Ce préambule pour expliquer l’envie qui m’a pris
d’entrer dans ce débat. Fort de mon expérience dans les conflits insolubles,
armé de mes recherches sur les conflits ethnicisés, porteur de mes études sur
les aléas de la xénophobie, du racisme, de la haine ethnique, je vais vous
donner mon avis. Je vais plus loin : dans le débat qui agite aujourd’hui,
pendant plusieurs jours encore, la question de l’antisémitisme. Où l’on discute
pour savoir ce qui est antisémite ou pas, je connais la réponse. Je sais
comment intervenir et je vais vous l’expliquer. C’est une simplicité que je
n’ose pas qualifier de biblique sous peine de trop me dévoiler.
Voici la question : si un gilet jaune traite un
Juif de sioniste et lui demande de rentrer chez lui, est-ce une insulte
raciste ? Est-ce antisémite ? Le débat est difficile. On se noie très
vite dans des arguties. En effet, dans ce cas précis, le gilet crie :
espèce de sioniste, rentrez chez vous, ce slogan demande au Juif de retourner
en Israël, donc, en fait, c’est un slogan sioniste. Les sionistes demandaient
aux Juifs de créer un état juif. En disant aux Juifs de « retourner chez eux »,
le gilet jaune est sioniste. Comment peut-on être sioniste et antisémite ?
Vous comprenez que les arguments raisonnables peinent à exister dans le feu de cette
discussion.
Voici ma réponse. Une suggestion. Qui est le plus à
même d’interpréter son cri de haine. Qui, sinon celui qui le prononce ? Pour
savoir si sa diatribe est antisémite, il suffit de lui demander. A celui qui
crie. C’est tout simple. Gilet jaune, quand tu as crié à Alain Finkielkraut
« sale sioniste, rentre chez toi », est-ce que tu voulais dire que tu
reprochais à ce monsieur de soutenir l’existence de l’état d’Israël ? Voulais-tu dire que tu étais d’accord avec
les sionistes qui demandaient aux Juifs de « rentrer chez eux » ?

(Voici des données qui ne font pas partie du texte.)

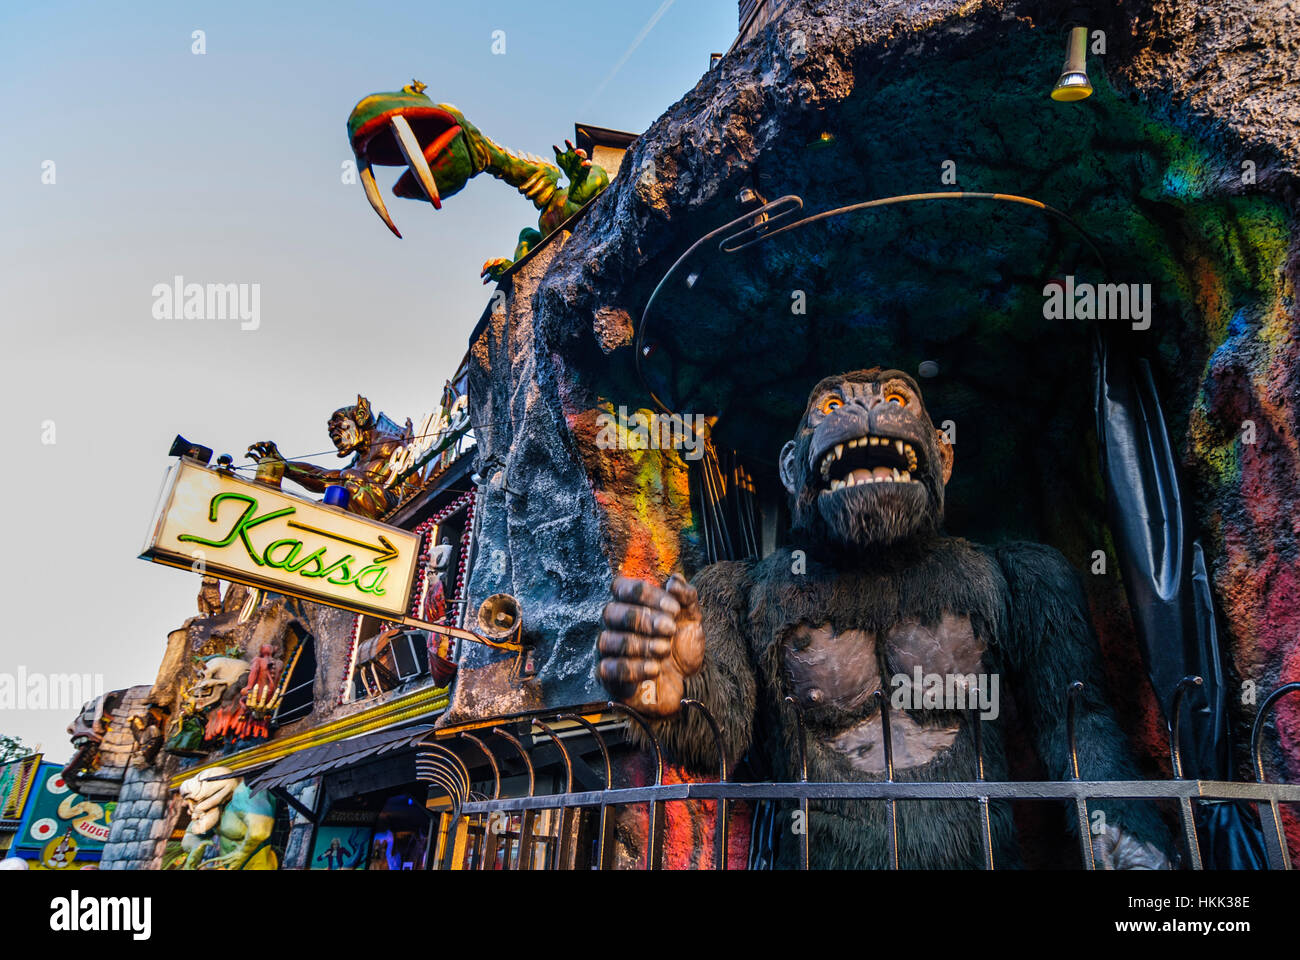 Wien, Vienna: Prater; Ghost castle with oversized gorilla, 02., Wien, Austria Stock Photo

Voulais-tu dire que les Juifs doivent tous vivre en Israël ? Ou bien,
comme dans la Russie d’après-guerre, utilises-tu l’adjectif sioniste à la place
de « Juif » auquel cas il devient une insulte raciste.
Je ne demande pas l’impunité, la passivité. Je demande
la clarté. La police doit poursuivre et la justice condamner les actes et les
paroles antisémites. Donc, la première arrête et interroge. Monsieur Gilet
Jaune, par vos paroles, avez-vous pris position dans le débat des années trente
entre les Juifs sionistes et les Juifs socialistes qui voulaient s’intégrer
dans le pays où ils vivaient ? Etes-vous d’accord avec Hertzl ou avec le
Bund ? Ou peut-être vous situez-vous du côté des Juifs orthodoxes qui
prétendent qu’Israël ne peut être fondé
qu’avec le retour du Messie et tant que le Messie n’est pas revenu, Israël ne
doit pas exister. Monsieur Gilet jaune, répondez, êtes-vous du côté de l’orthodoxie
juive, du côté des Juifs orthodoxes ?
Ou monsieur Gilet Jaune, avez-vous utilisé le mot « sioniste »
à la place de « Juif », parce que vous savez que vous risquez d’être condamné
si vous exprimez une opinion antisémite ? C’est à vous de vous expliquer.
Qui peut répondre à sa place ?
Cette méthode peut être généralisée. Qui mieux que le
pédophile peut nous dire si ces actes étaient d’abominables agressions ou s’il
a agi par amour pour cet enfant ? Il suffit de lui demander.